EXEC sp_xml_preparedocument @iDoc OUTPUT, @p2;
SELECT *
FROM OPENXML (@iDoc, '/ROOT/R', 1)
WITH (
ID BIGINT,
PrimID INT,
AuthID INT,
ProgID INT,
ServiceCodeID INT,
WorkerID INT,
Date DATETIME,
StartTime DATETIME,
EndTime DATETIME,
RequestID INT,
GPermID INT,
PayRateOverride VARCHAR(30),
AutoScheduled BIT);
--Release XML document
EXEC sp_xml_removedocument @iDoc;
December 27, 2017 at 2:17 pm
This is running much slower for you than it should. Your query is instantaneous on my laptop as well.

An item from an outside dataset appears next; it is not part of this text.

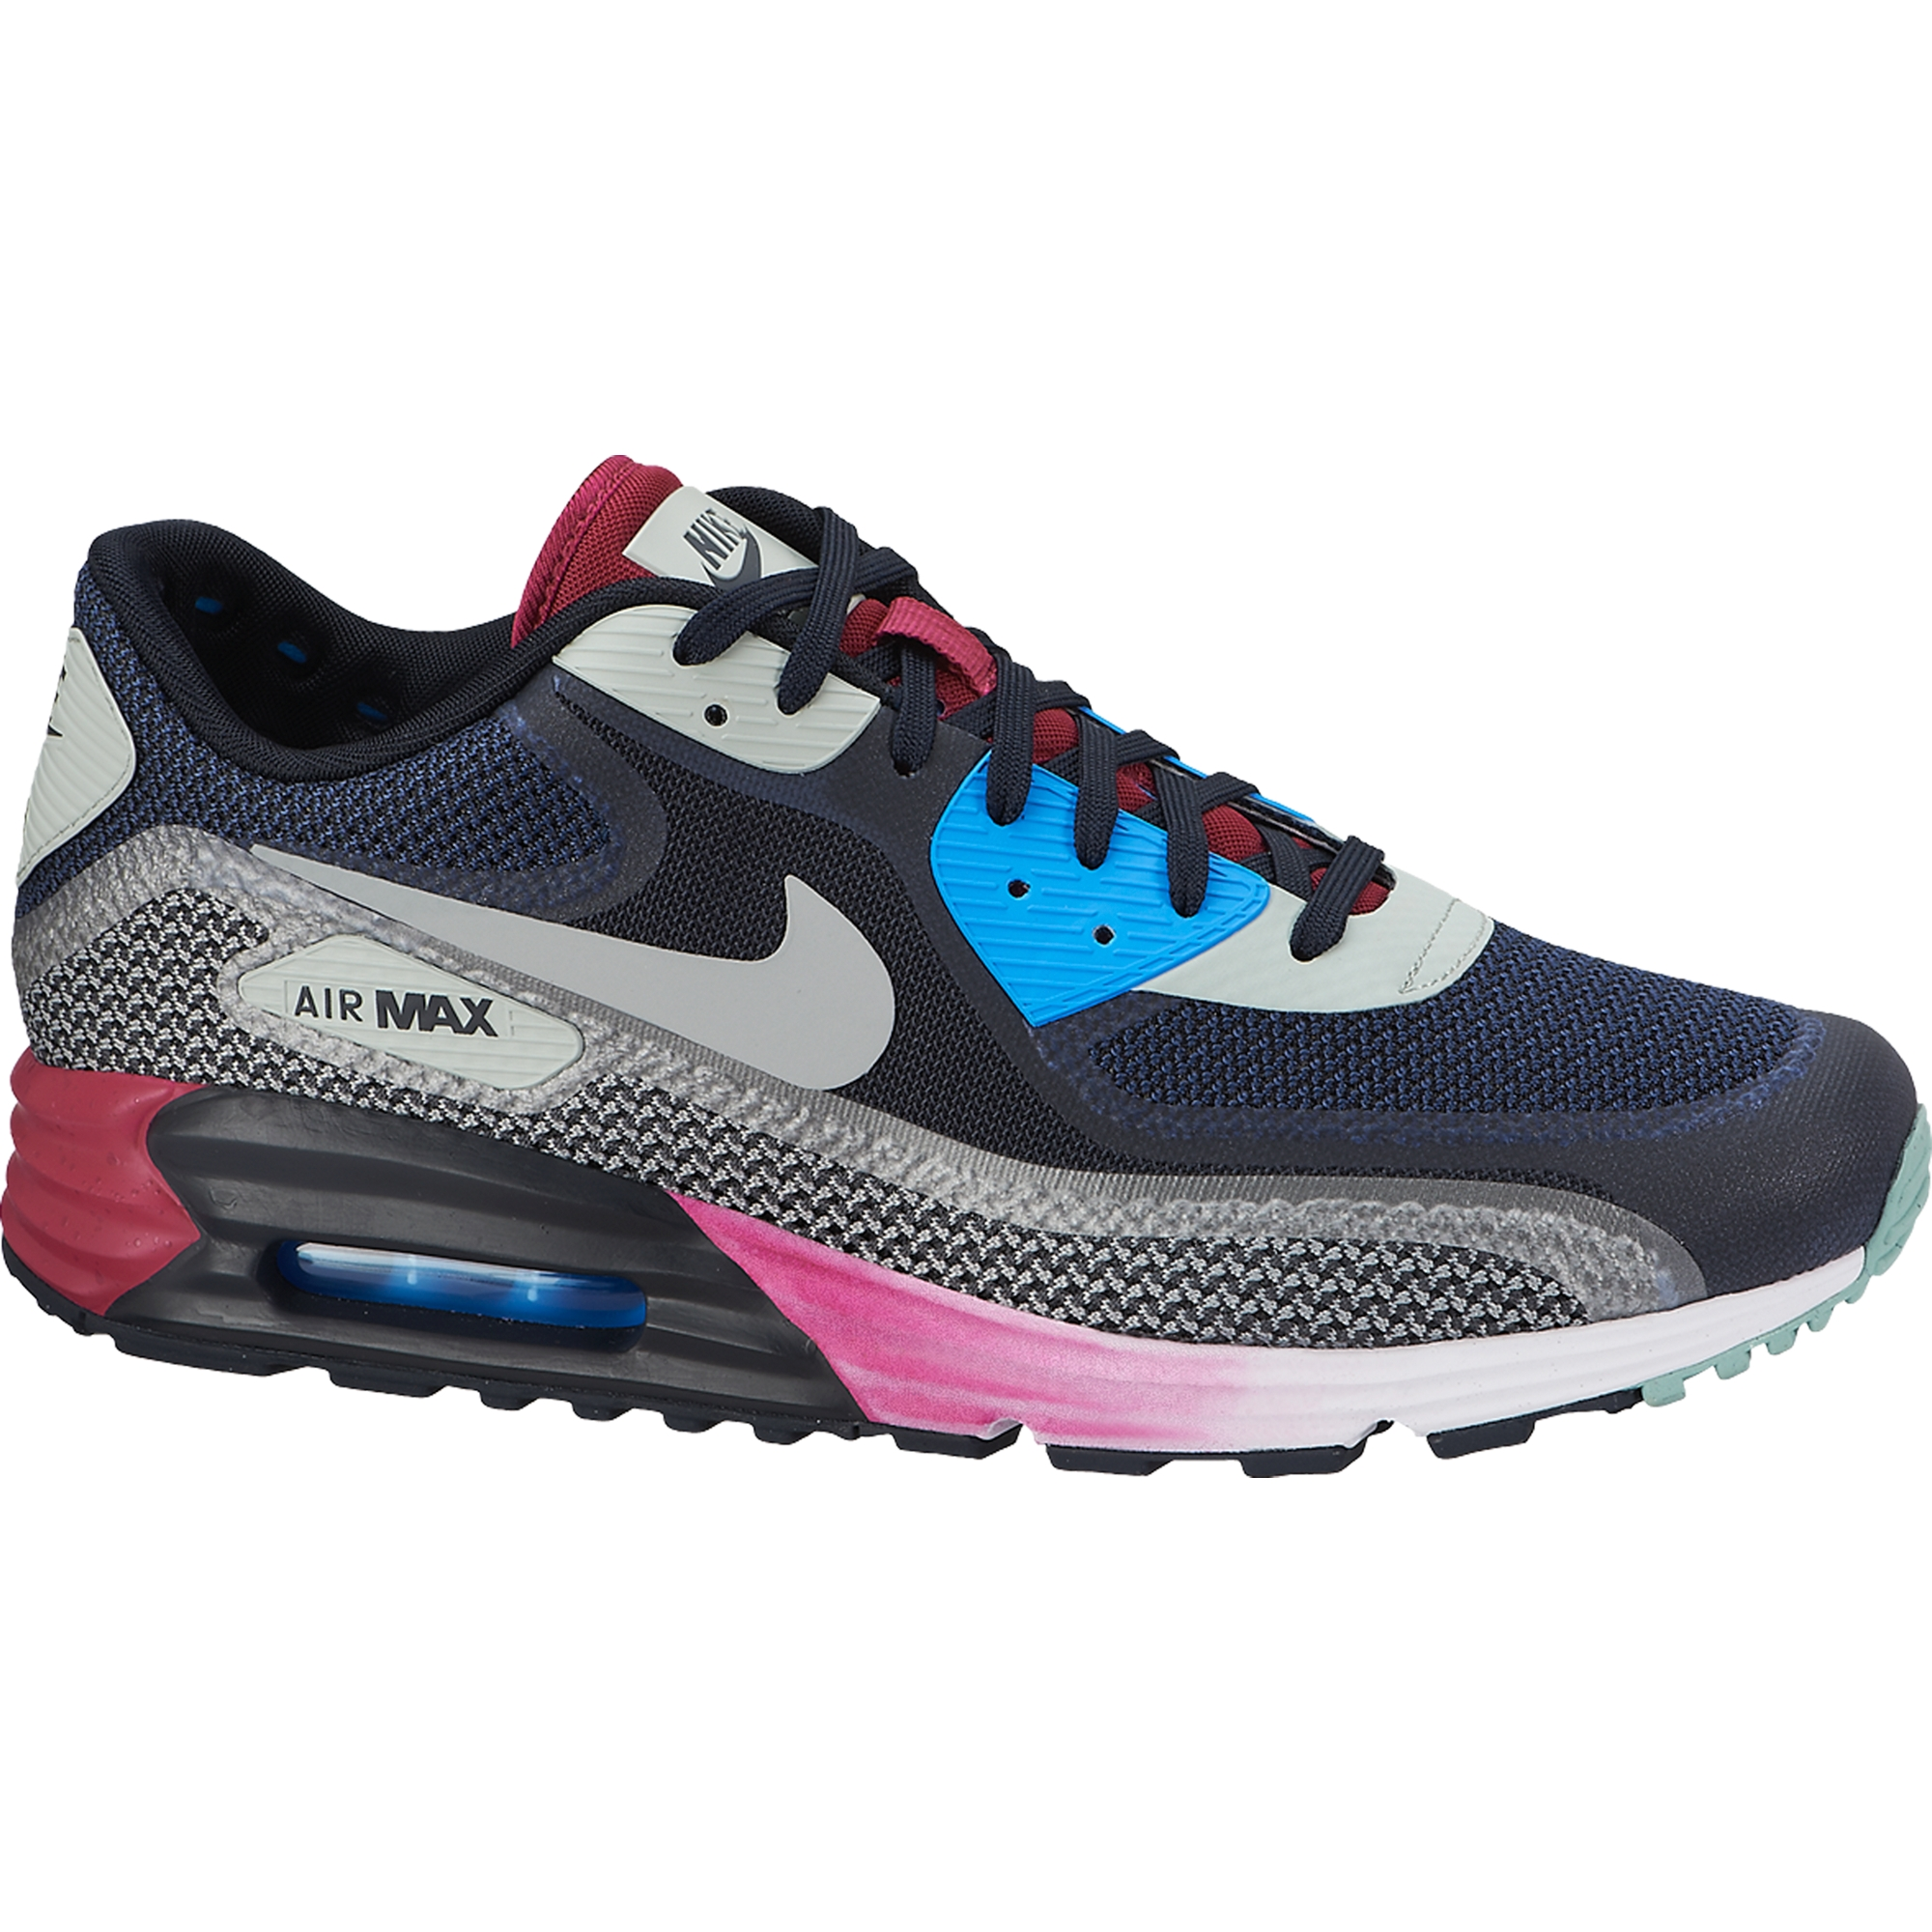 965e44d95142 Nike Air Max Lunar90 C3.0 Erkek Spor Ayakkabı  631744-400 - Barcin.com
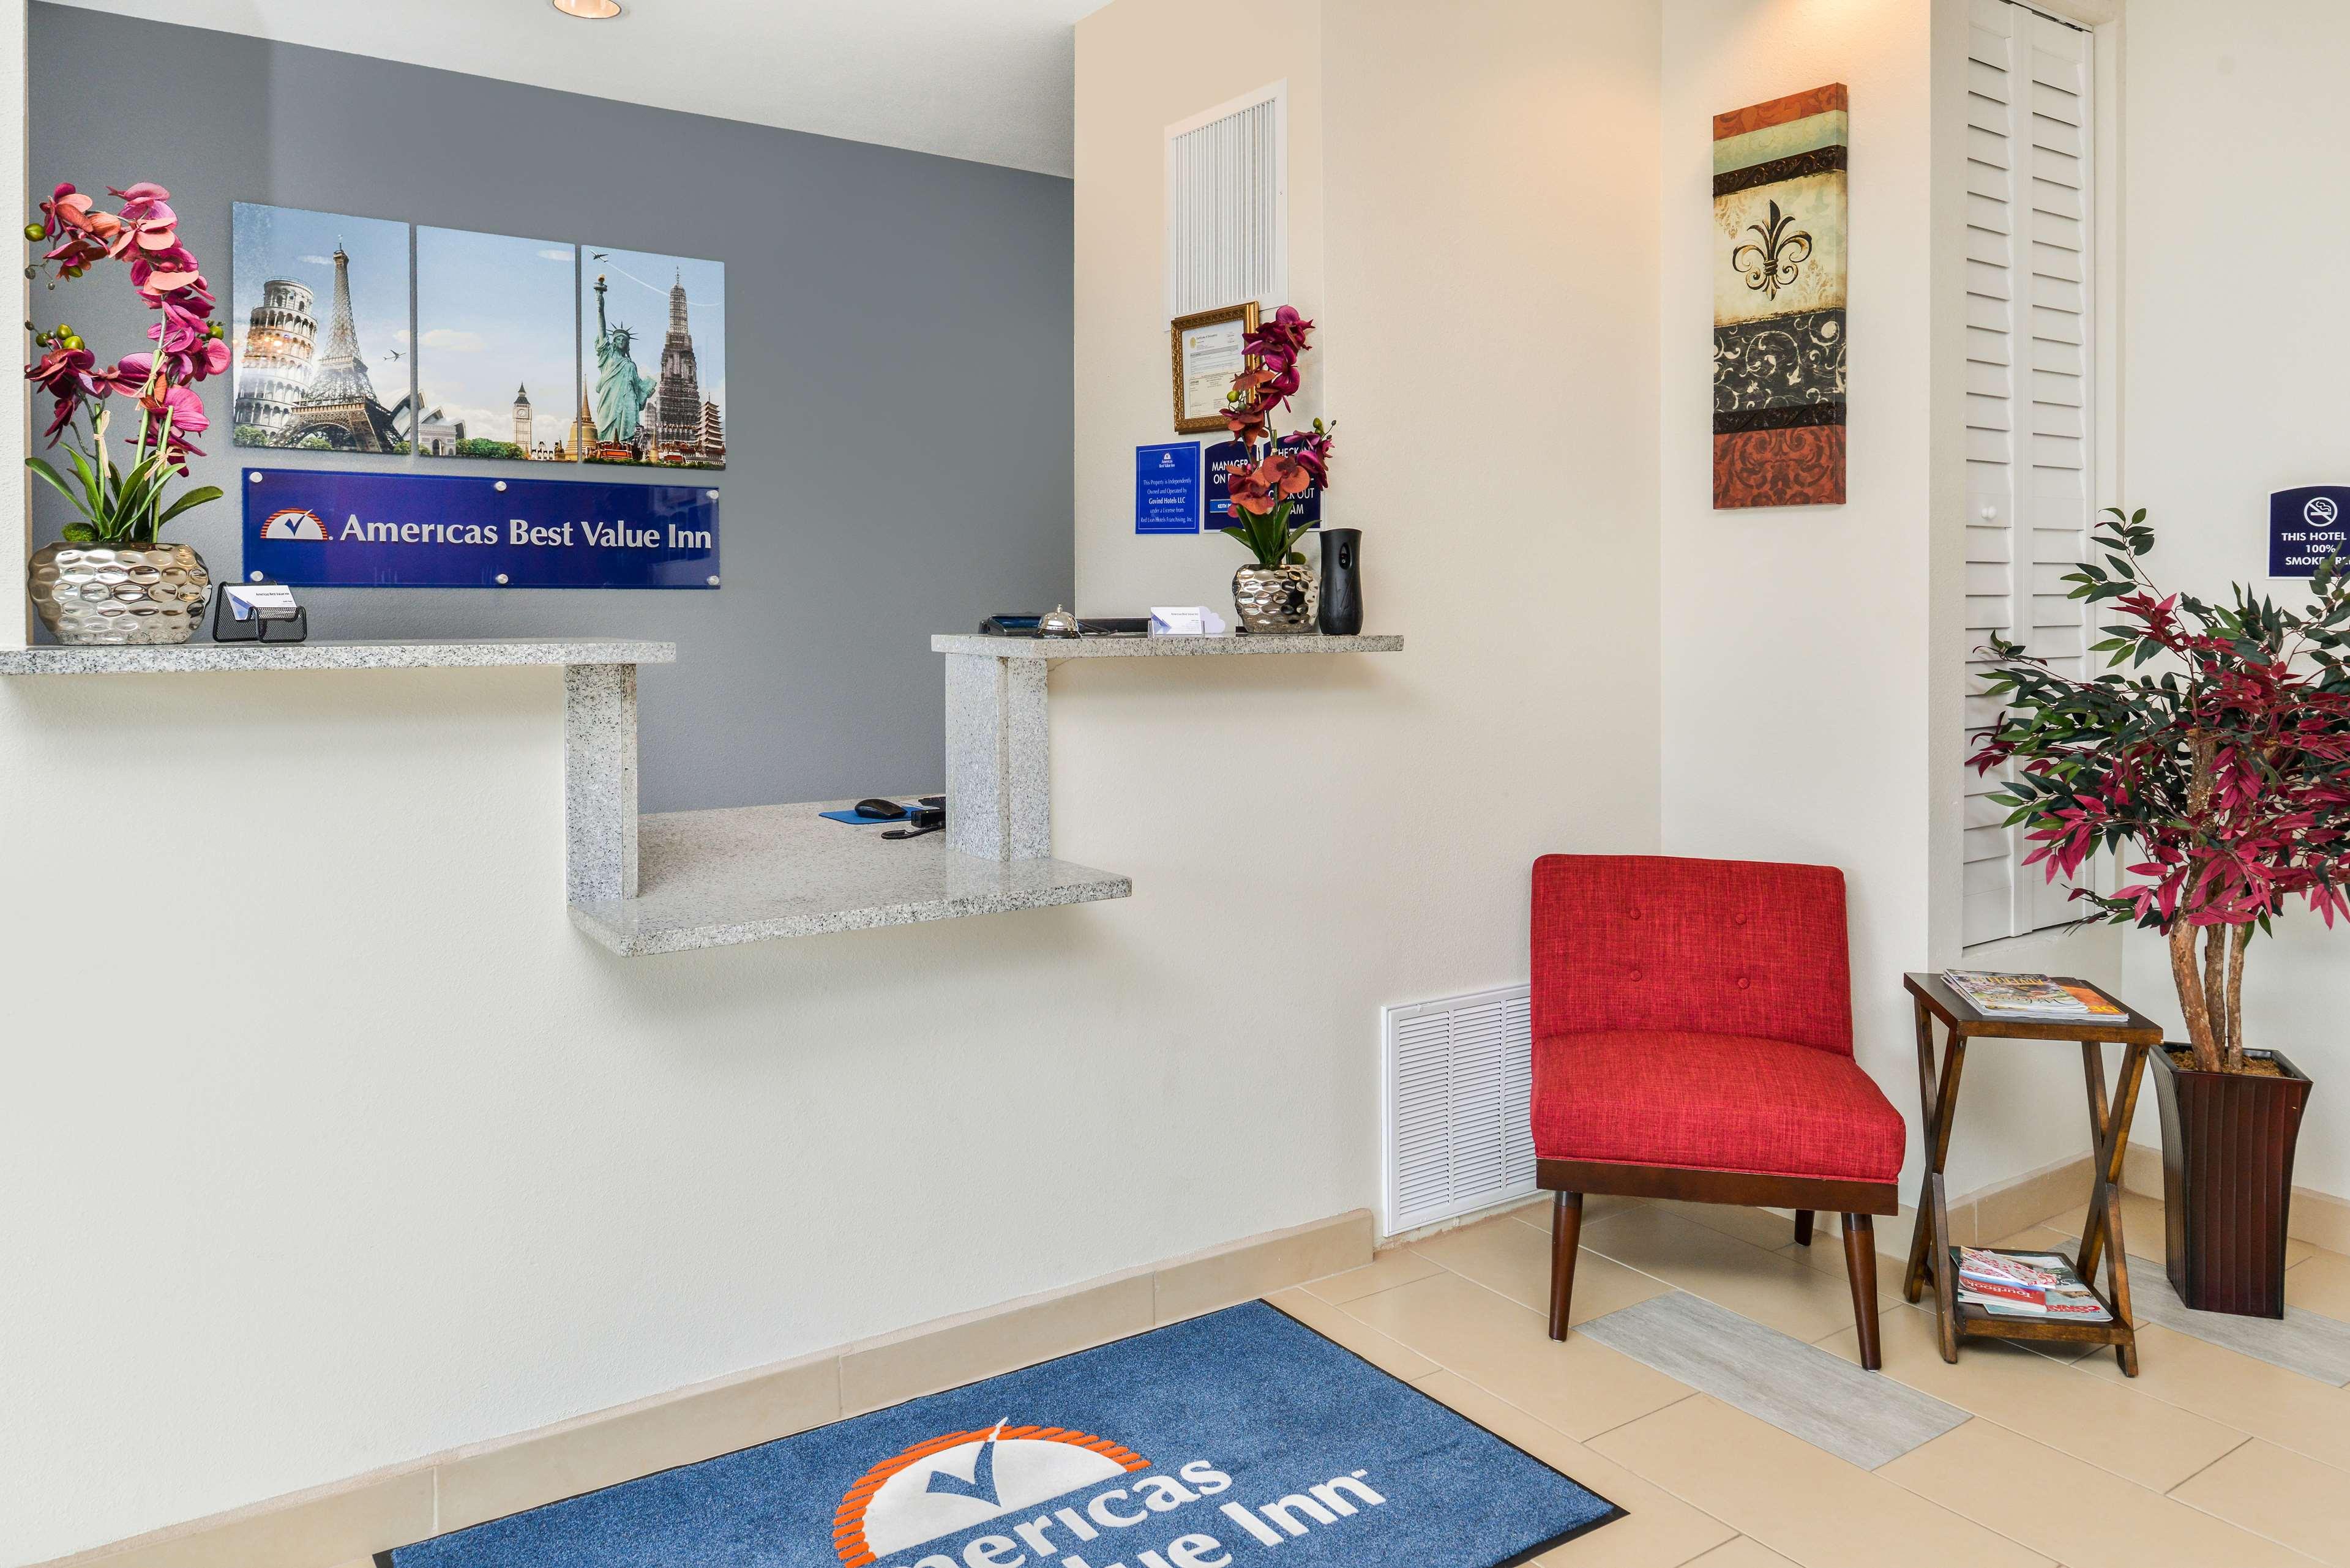 Americas Best Value Inn - Baton Rouge / College Drive image 3

I even created 10K rows of sample data and tested it. This query takes a couple seconds on my laptop:
declare @table table (someXML xml);
insert @table
select top (10000) replace(cast(@p2 as varchar(1000)),'1003381', user_type_id)
from sys.all_columns;
SELECT t.col.value('@ID','BIGINT') AS ID,
t.col.value('@PrimID','INT') AS PrimID,
t.col.value('@AuthID','INT') AS AuthID,
t.col.value('@ProgID','INT') AS ProgID,
t.col.value('@ServiceCodeID','INT') AS ServiceCodeID,
t.col.value('@WorkerID','INT') AS WorkerID,
t.col.value('@Date','DATETIME') AS [Date],
t.col.value('@StartTime','DATETIME') AS StartTime,
t.col.value('@EndTime','DATETIME') AS EndTime,
t.col.value('@RequestID','INT') AS RequestID,
t.col.value('@GPermID','INT') AS GPermID,
t.col.value('@PayRateOverride','VARCHAR(30)') AS PayRateOverride,
t.col.value('@AutoScheduled','BIT') AS AutoScheduled
FROM @table x
cross apply x.someXML.nodes('/ROOT/R') AS t(col);
T-SQL XML queries against XML are going to be slower than ones against tables no matter what but not 21 seconds a row. As Luis mentioned sp_xml_preparedocument, I too, have had some success with that.
-- Itzik Ben-Gan 2001
December 27, 2017 at 2:18 pm
Thanks Luis. As it turns out, it had to be either the server, or my copy of SSMS. One or the other was mucked up. I later ended up crashing SSMS, and it's been working fine in about a quarter of a second (EDIT: for 1,000 executions) ever since. I tried using Jeff's DelimitedSplit8K at first, but the performance just wasn't there, and probably because I used the same split twice after splitting once to begin with. I hate testing on shared servers when performance testing is involved. You never know what you're up against...
I ended up just using that original boiled down XML shred going into a temp table. Turns out the doc prep execs cost an extra 0.175 seconds on 1,000 executions, so I'll have to not use that on this occasion. Thanks again for creating a sounding board.